INFORMATION SHOWN:
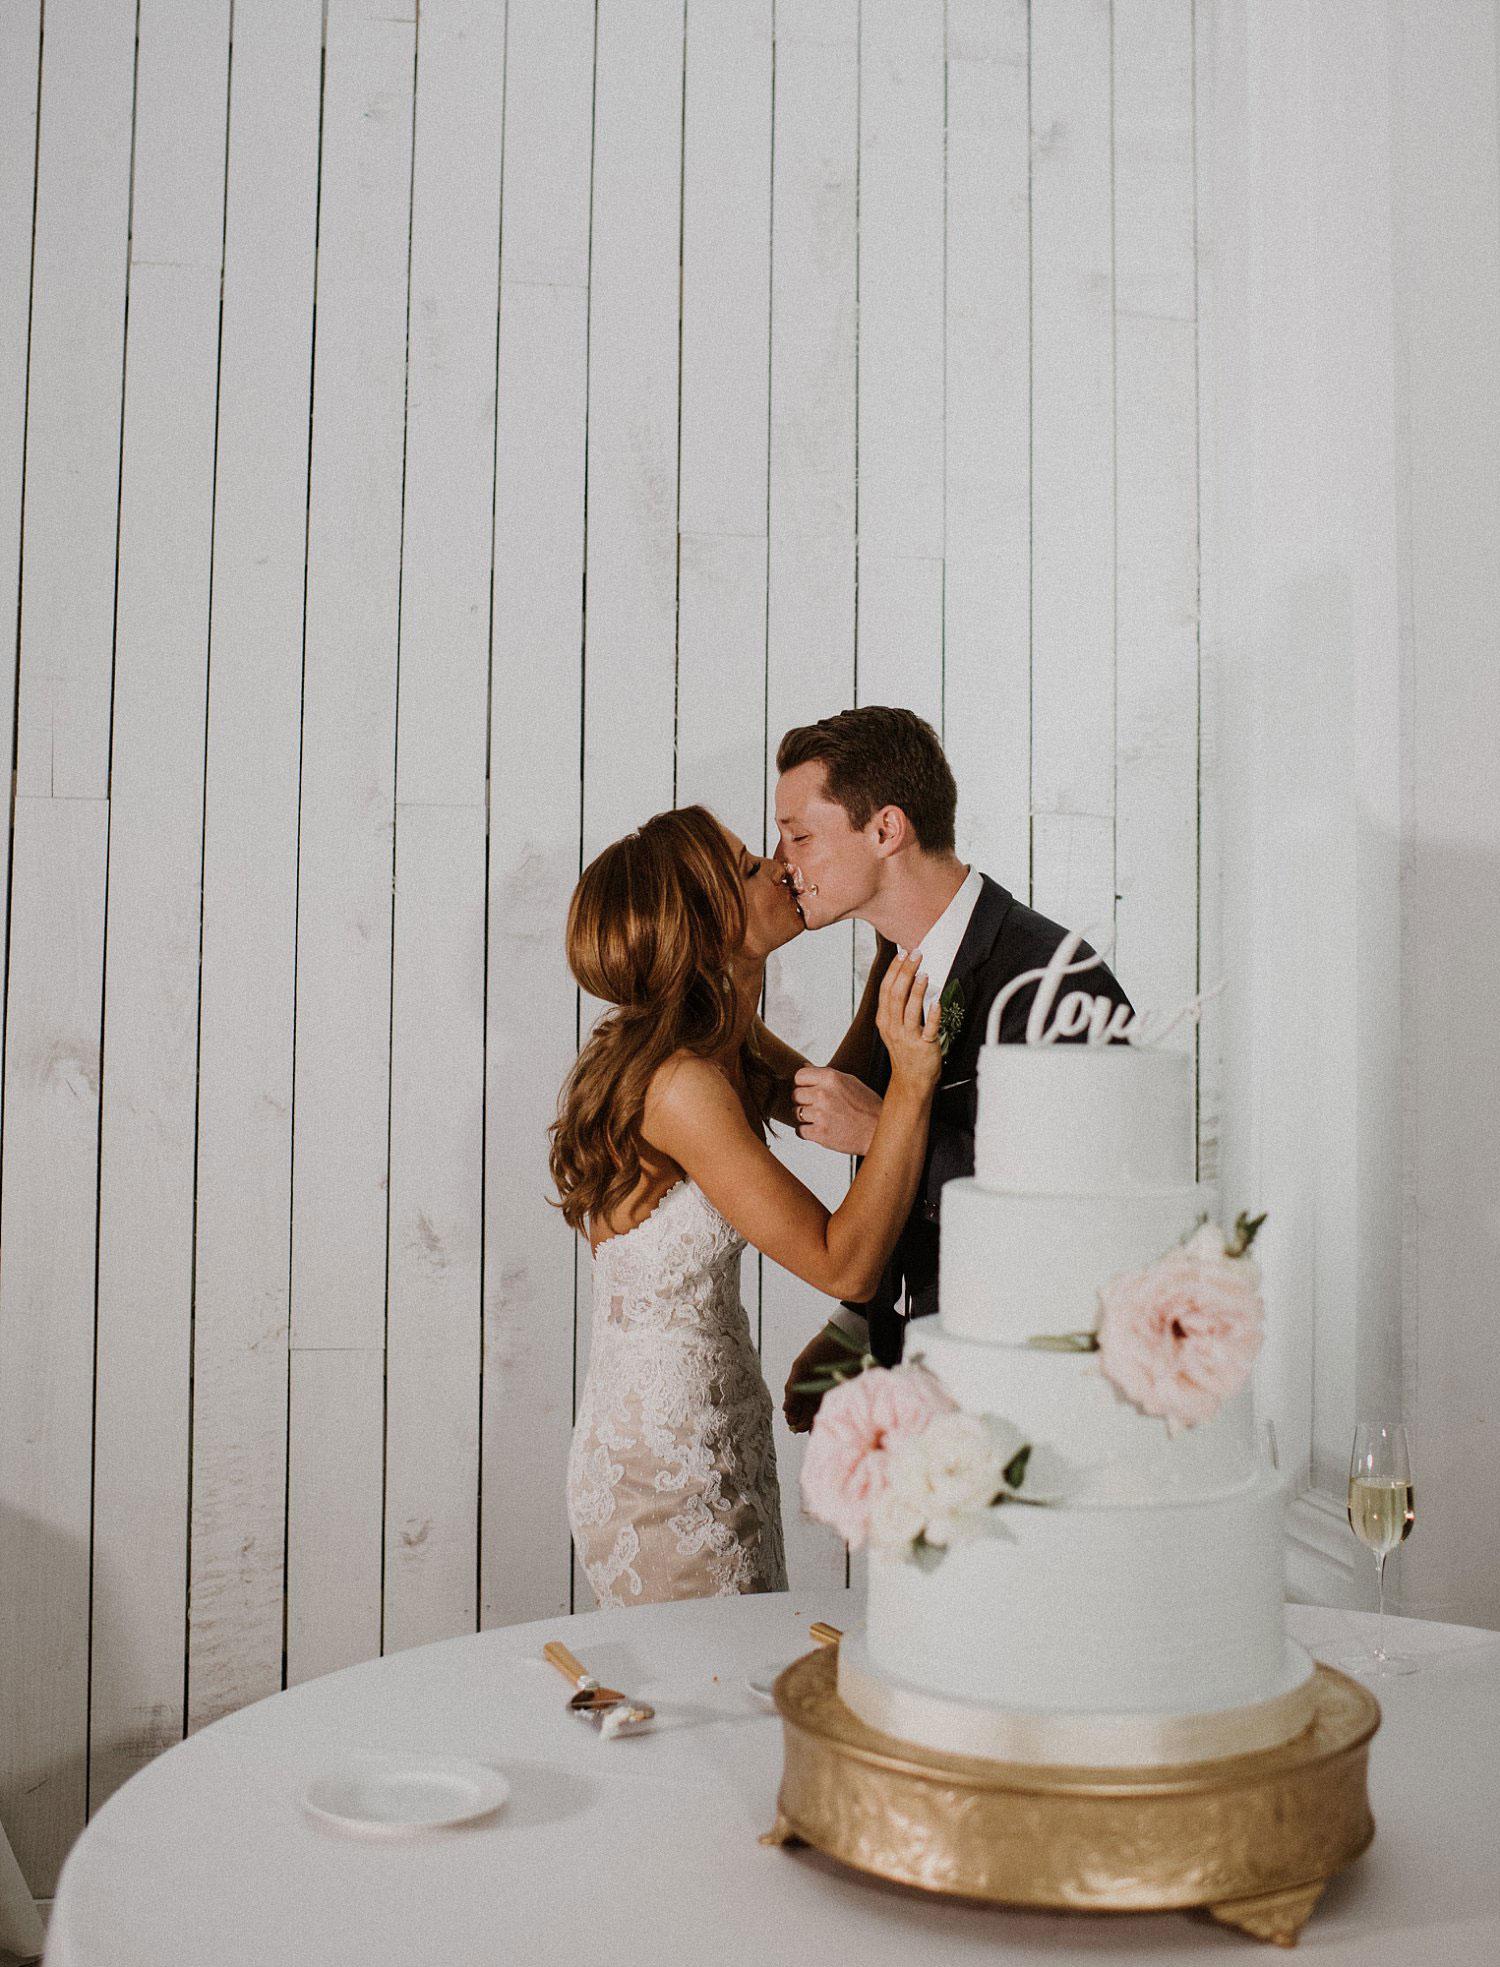 Bride and groom cutting wedding cake at white sparrow barn wedding
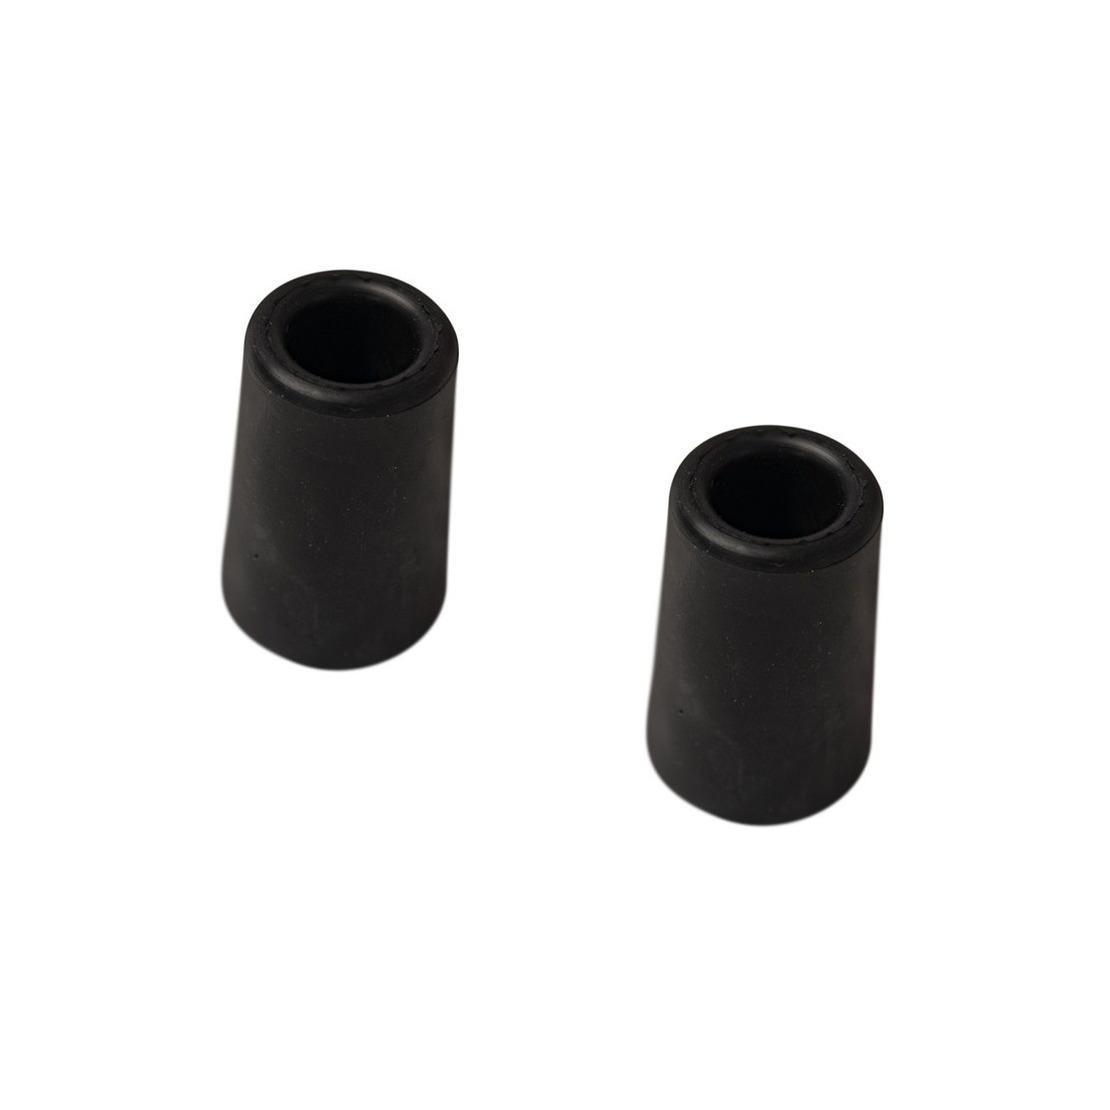 3x stuks deurstopper - deurbuffer rubber zwart 60 mm
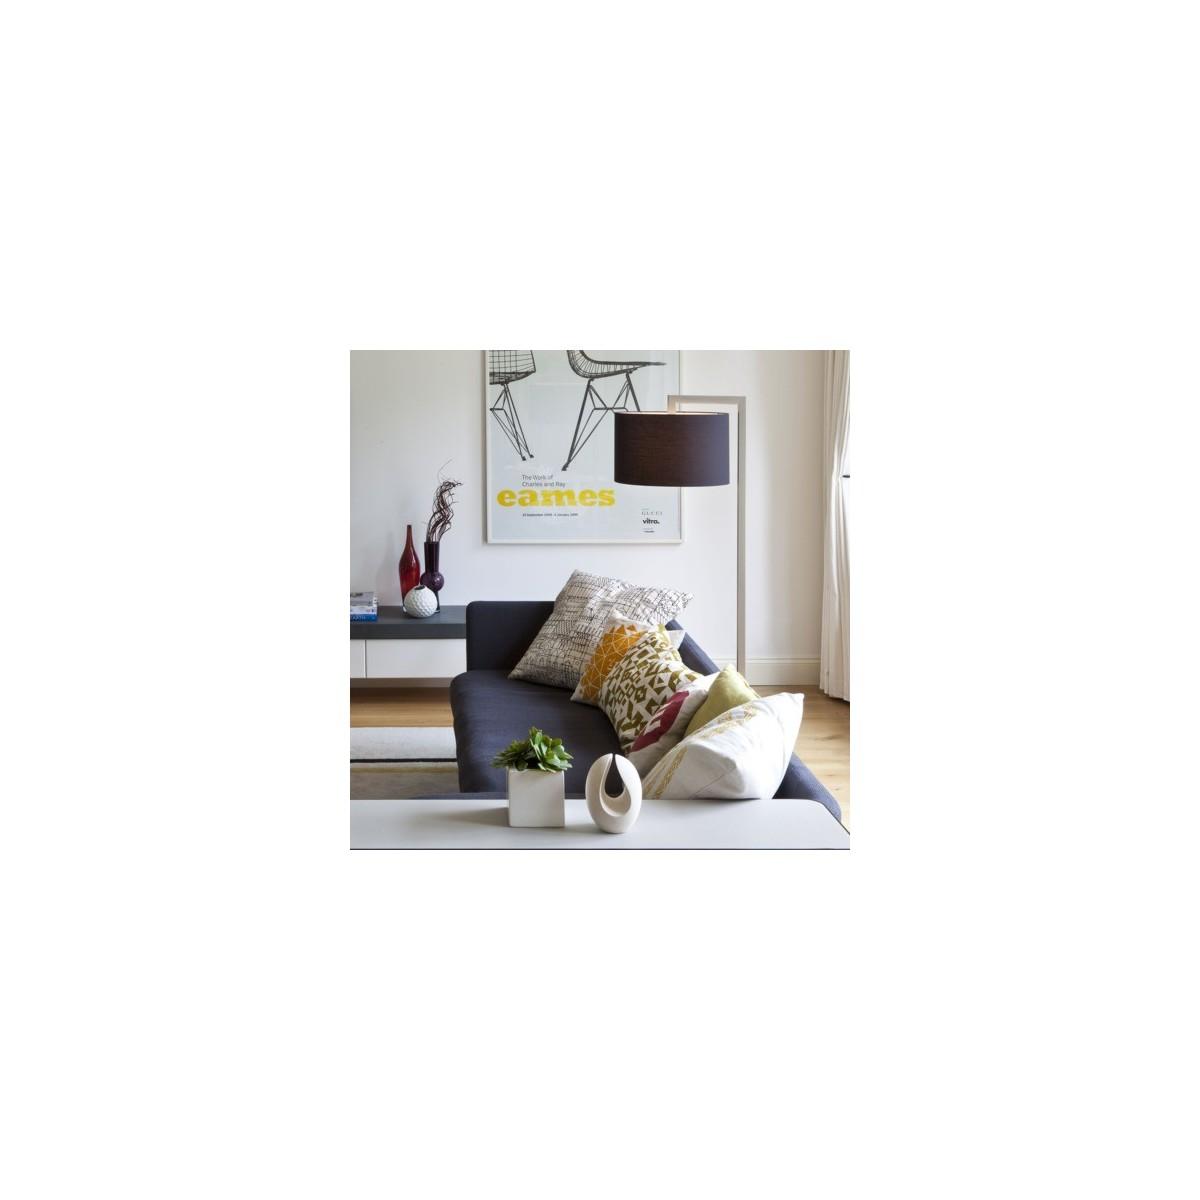 Astro Ravello Floor Podłogowa 1x60W Max E27 Brąz 1222003

INSTRUCTIONS TO FOLLOW: Do not include the images; transcribe the rest of the listing exactly.

SOLUTION TO THE EXERCISE:
 Bride and groom cutting wedding cake at white sparrow barn wedding
 3x stuks deurstopper - deurbuffer rubber zwart 60 mm
 Astro Ravello Floor Podłogowa 1x60W Max E27 Brąz 1222003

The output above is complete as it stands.